Action item:
Reproduce the data exactly as given, except for any images.

Supplied data:
__________

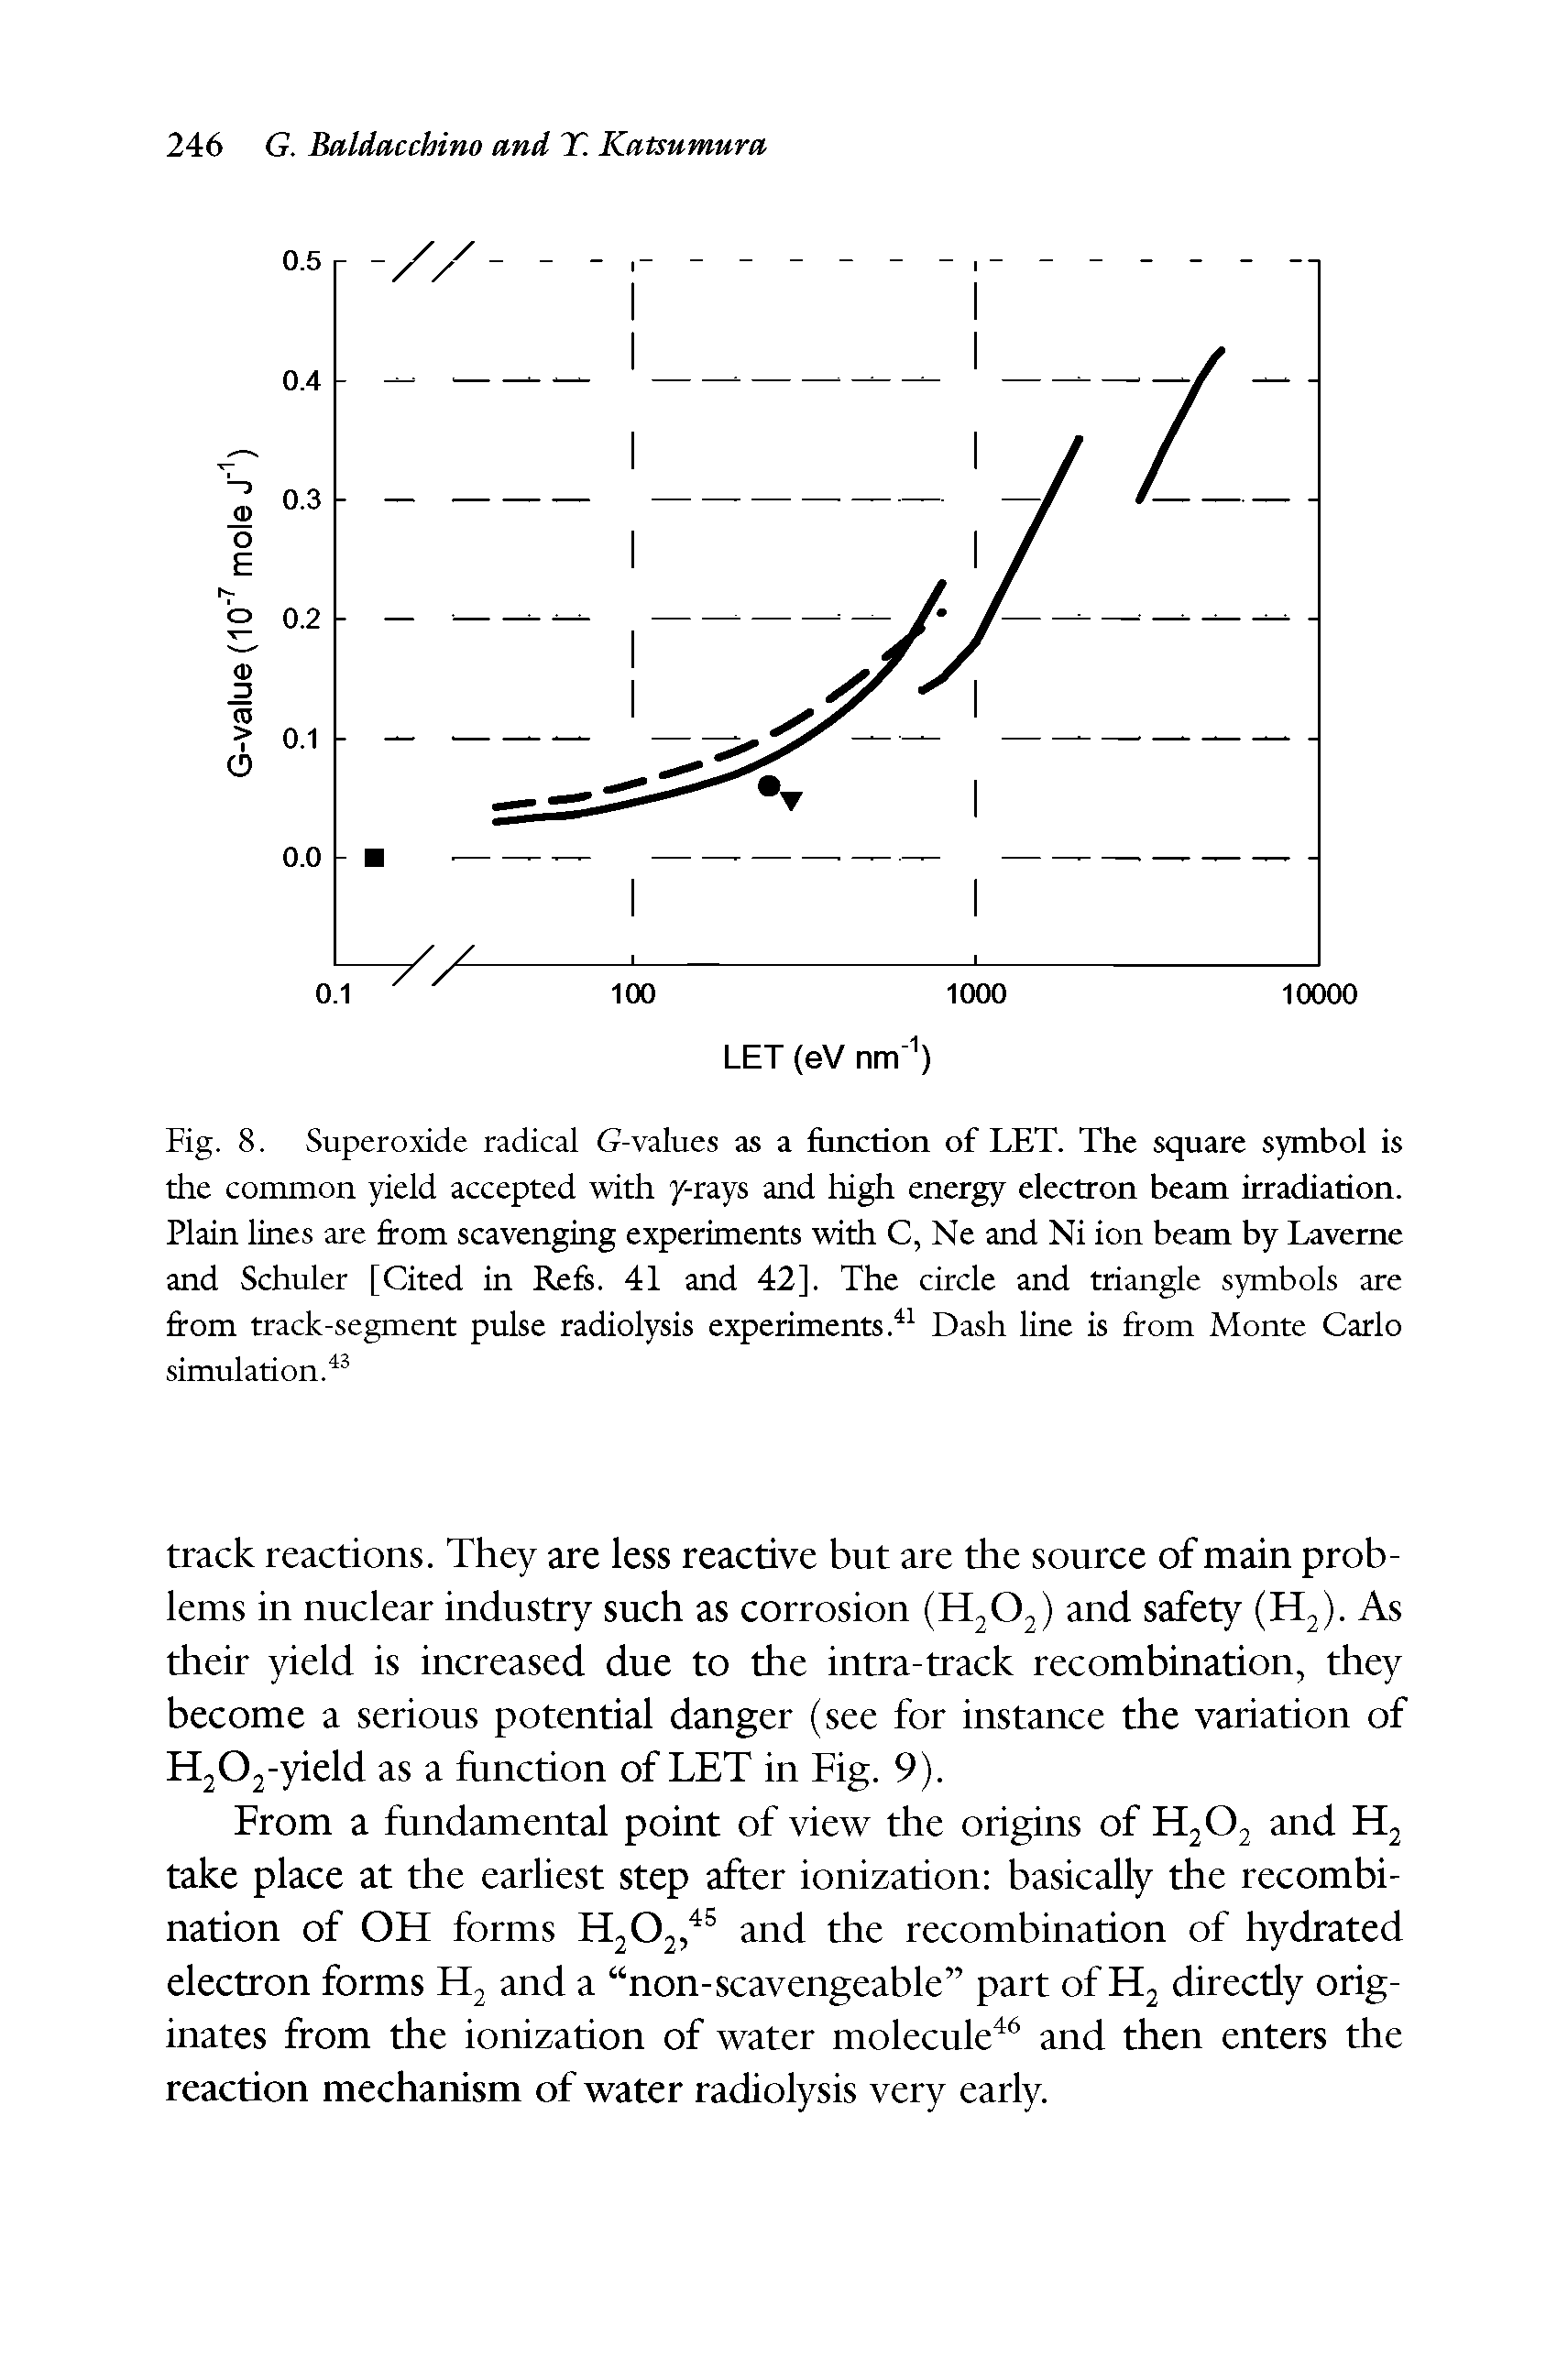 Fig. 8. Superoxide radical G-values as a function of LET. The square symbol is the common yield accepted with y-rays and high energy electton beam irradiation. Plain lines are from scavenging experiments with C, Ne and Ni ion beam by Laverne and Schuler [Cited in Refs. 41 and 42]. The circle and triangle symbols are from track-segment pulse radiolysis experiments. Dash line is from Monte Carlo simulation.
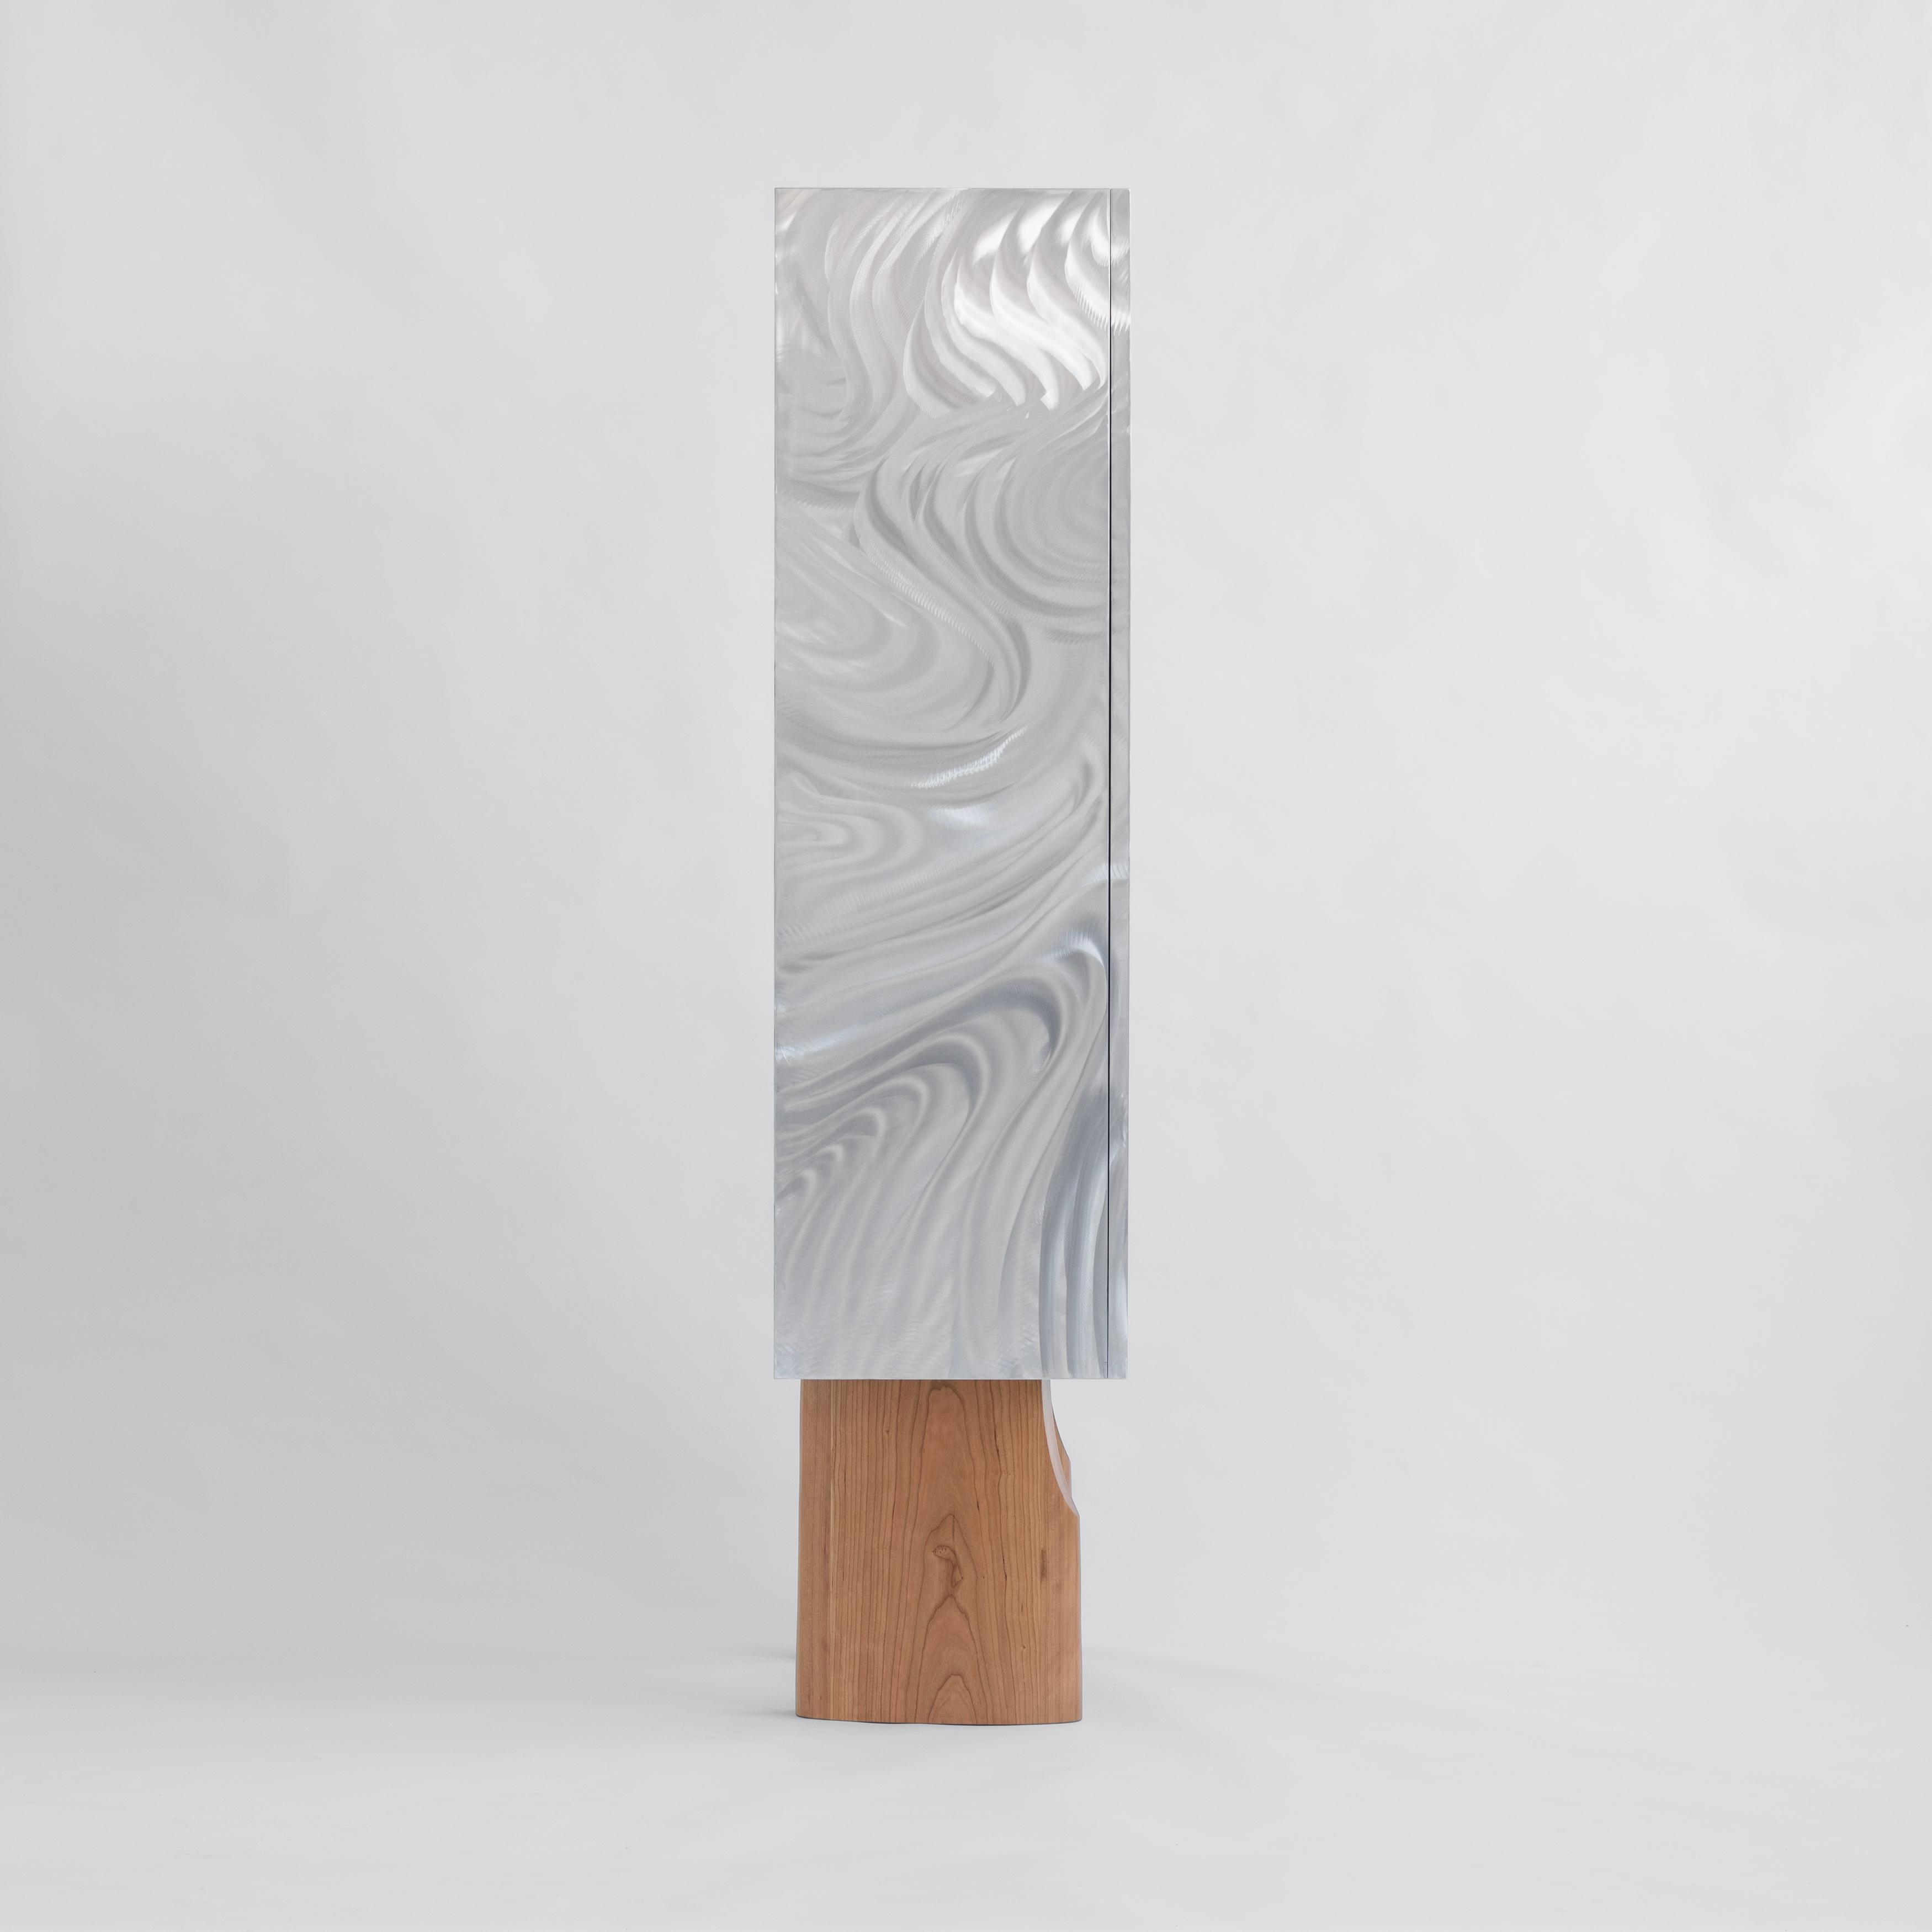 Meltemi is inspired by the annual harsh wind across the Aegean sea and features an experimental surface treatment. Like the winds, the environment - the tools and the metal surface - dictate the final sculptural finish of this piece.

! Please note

__________

Solution to the problem:
 Fig. 8. Superoxide radical G-values as a function of LET. The square symbol is the common yield accepted with y-rays and high energy electton beam irradiation. Plain lines are from scavenging experiments with C, Ne and Ni ion beam by Laverne and Schuler [Cited in Refs. 41 and 42]. The circle and triangle symbols are from track-segment pulse radiolysis experiments. Dash line is from Monte Carlo simulation.
 Meltemi is inspired by the annual harsh wind across the Aegean sea and features an experimental surface treatment. Like the winds, the environment - the tools and the metal surface - dictate the final sculptural finish of this piece.

! Please note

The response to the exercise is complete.